Two members of my security team gave their two-weeks’ notice this week. Each departed for different reasons. Our most technical security engineer left to start his own company. Our security auditor jumped ship for one of the big consulting companies. It offered him a significant salary increase, more vacation time and the opportunity to build his own team.
We tried to keep both of them, without success. In my experience with the information security business, the average tenure for a security engineer seems to be about a year. Even in today’s uncertain economic climate, keeping security professionals is a problem. But the more immediate question is, How do I keep things going until I can hire and train replacements?
With two staffers leaving at the same time, I have to make changes to the way we’ve been managing our security infrastructure. My role is expanded until we can find qualified replacements. I know that it will probably take at least a month to find people. And once we find and hire qualified candidates, it will take another month to train them and bring them up to speed. For at least two months, then, I must take responsibility for the infrastructure and programs that the workers were managing or try to delegate them.
The department’s core deployments include an intrusion-detection system, a two-factor authentication system and firewall management. In addition, we still have architecture reviews, audits, secure server baseline construction, policy creation and review, and plenty of other one-off issues that typically plague the department.

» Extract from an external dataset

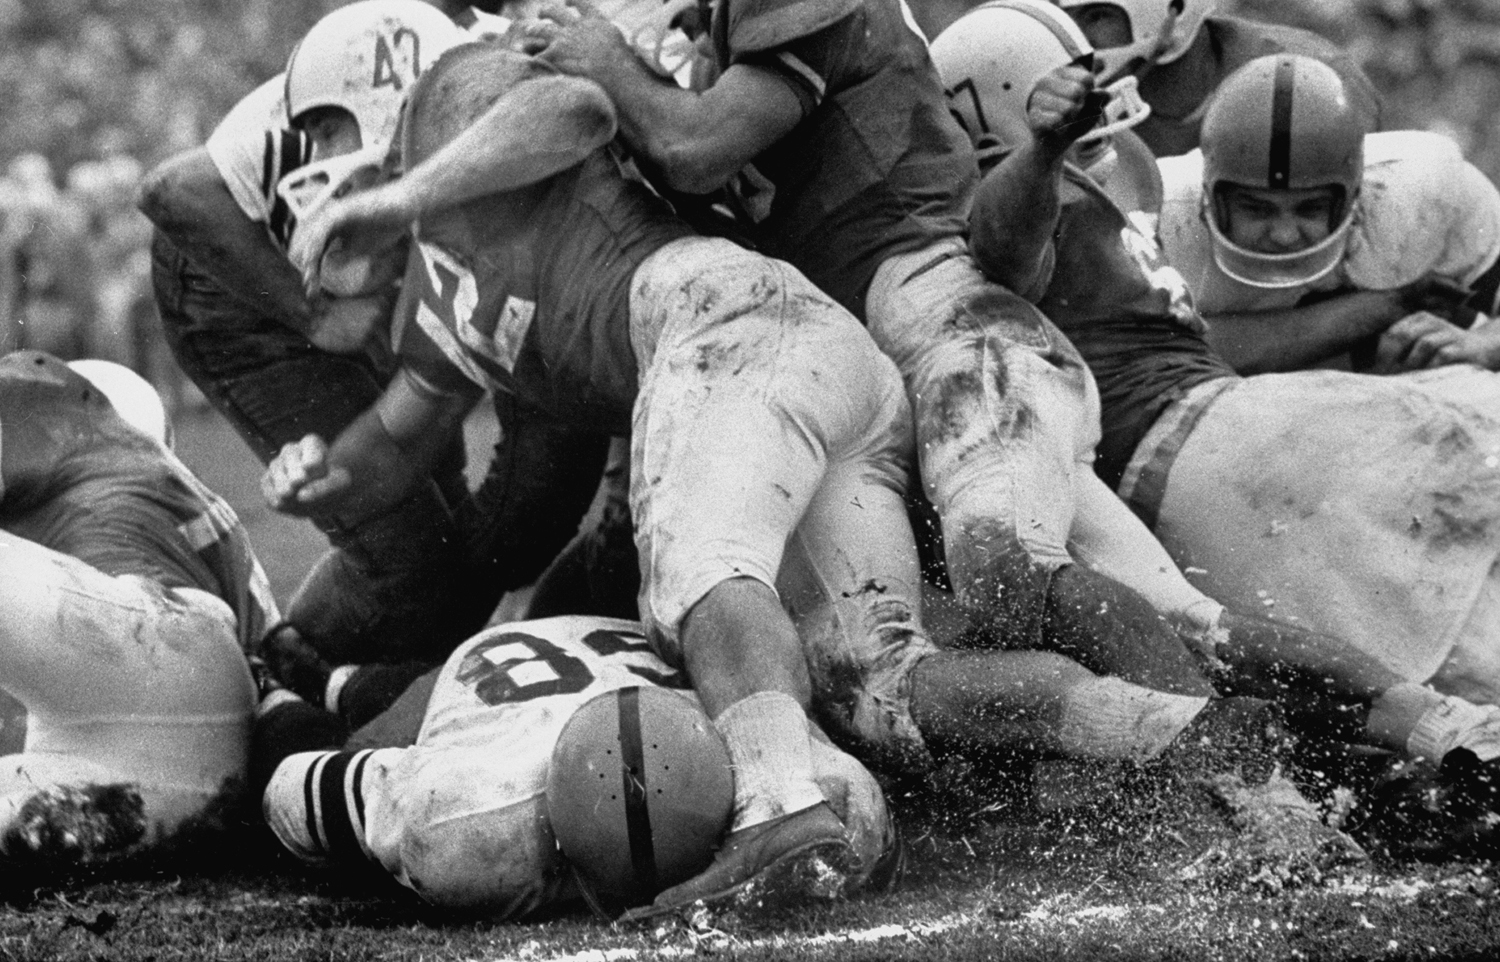 Syracuse (in white) vs. Texas in the 1960 Cotton Bowl. Syracuse won the game, 23-14.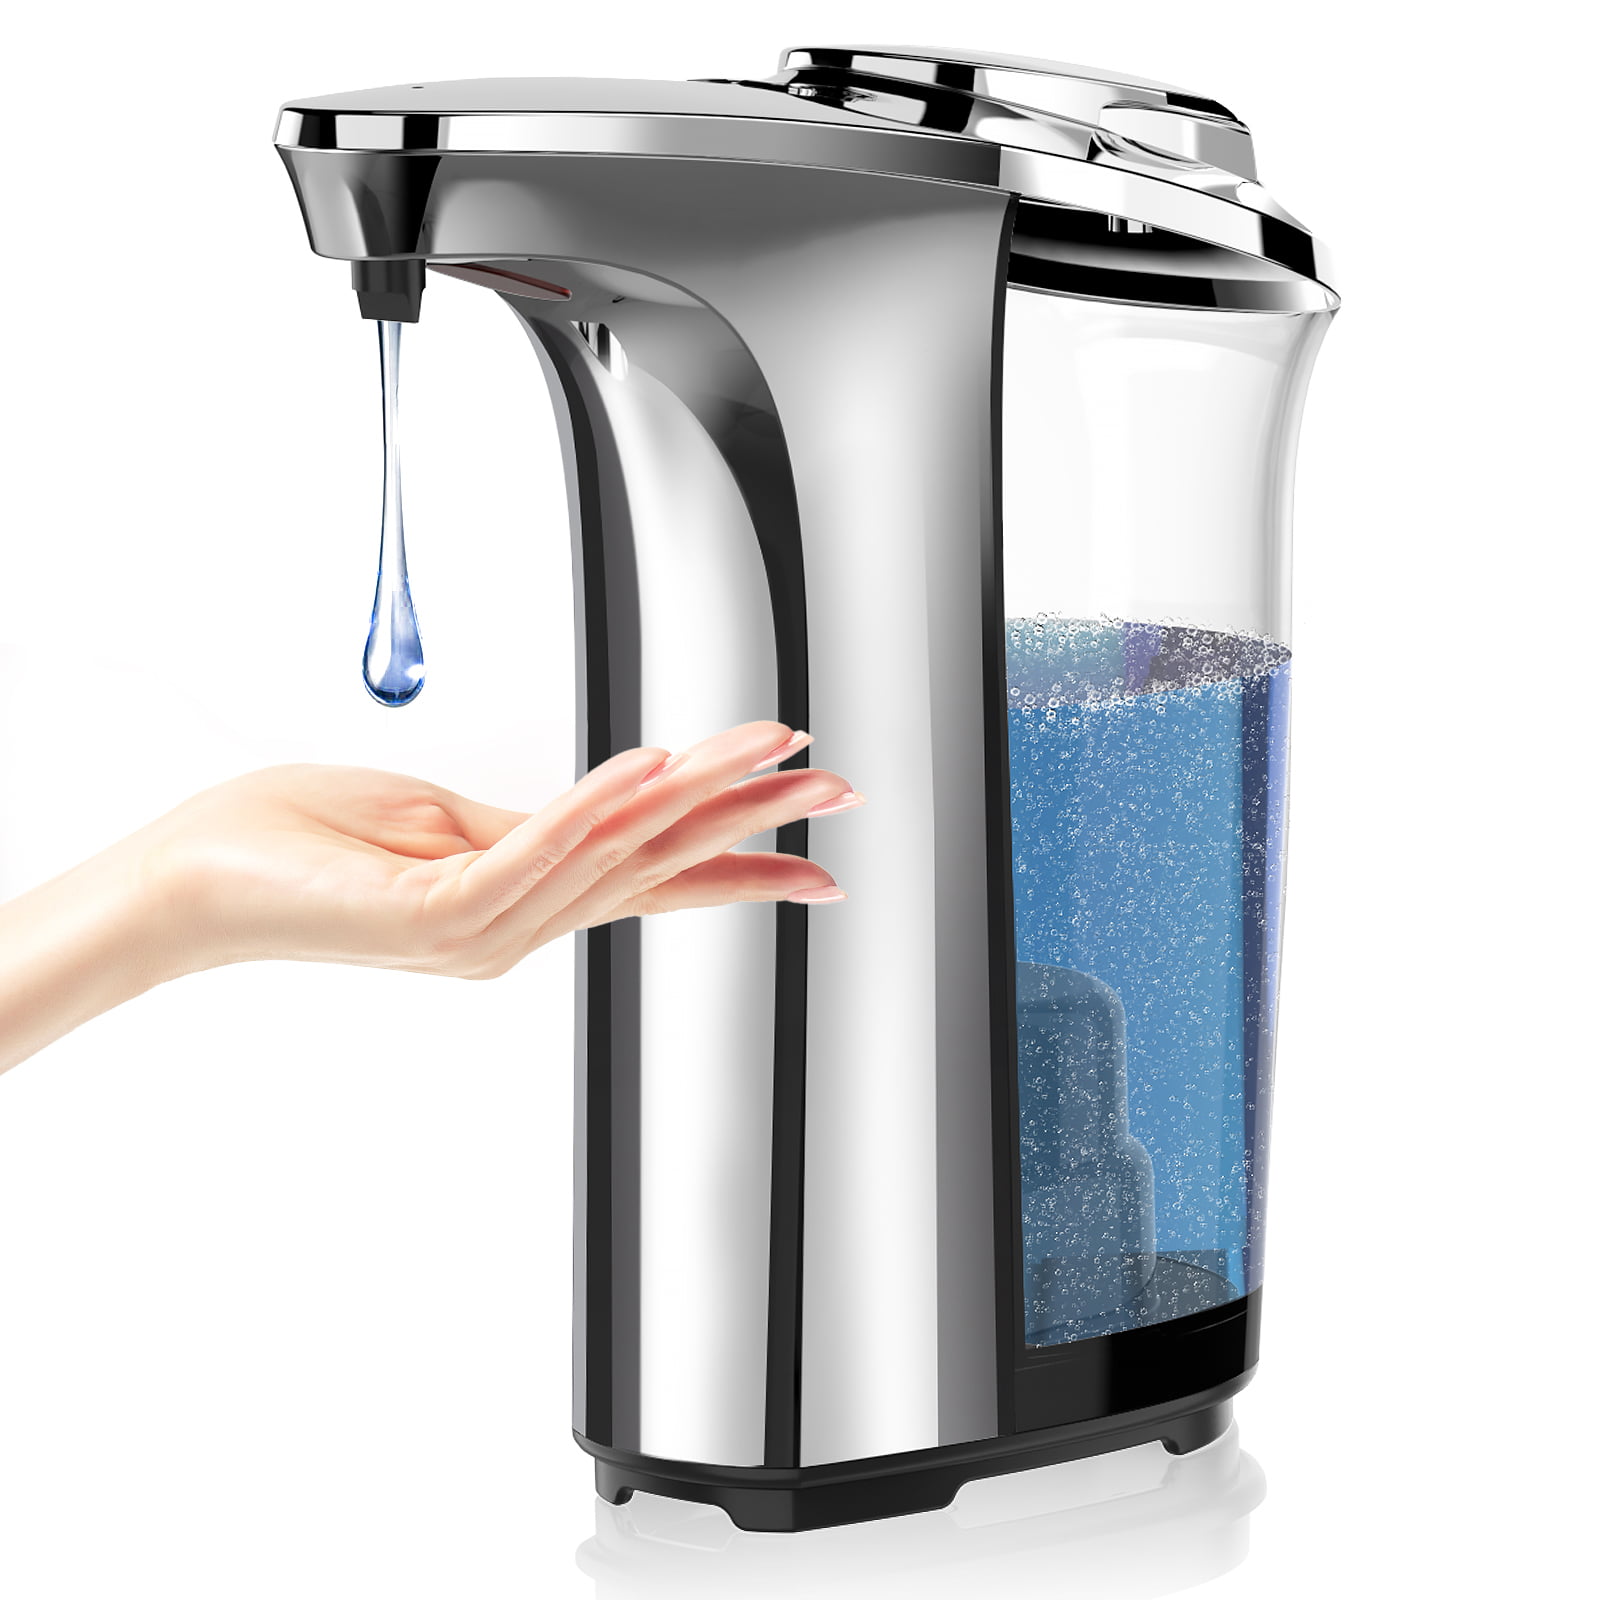 Details about   Touchless Soap Dispenser Automatic Bath Dispensing 17oz Battery Operated Stylish

In order to deal with the increased workload, I need to off-load certain aspects of our daily activities to other areas of the company. This week, I focused on our intrusion-detection system deployment and our SecurID authentication infrastructure. The security department is responsible for incident response related to alerts generated by Tripwire, from Portland, Ore.-based Tripwire Inc. We are also responsible for the day-to-day administrative activities related to the SecurID infrastructure.
We run Tripwire on more than 50 Unix servers within our DMZ and corporate network. They are currently configured to send alerts via e-mail to an alias account to which the security department and the Unix administrator are subscribers. I also configured Tripwire to run a check on five especially critical files at 10-minute intervals. For example, the /etc/passwd and the /etc/shadow files contain information on accounts and passwords. If someone were to add an account, the password and shadow files would change, and Tripwire would issue an alert on that change. If Tripwire detects a change in any of the critical files I’ve identified, it sends an alert to my cell phone.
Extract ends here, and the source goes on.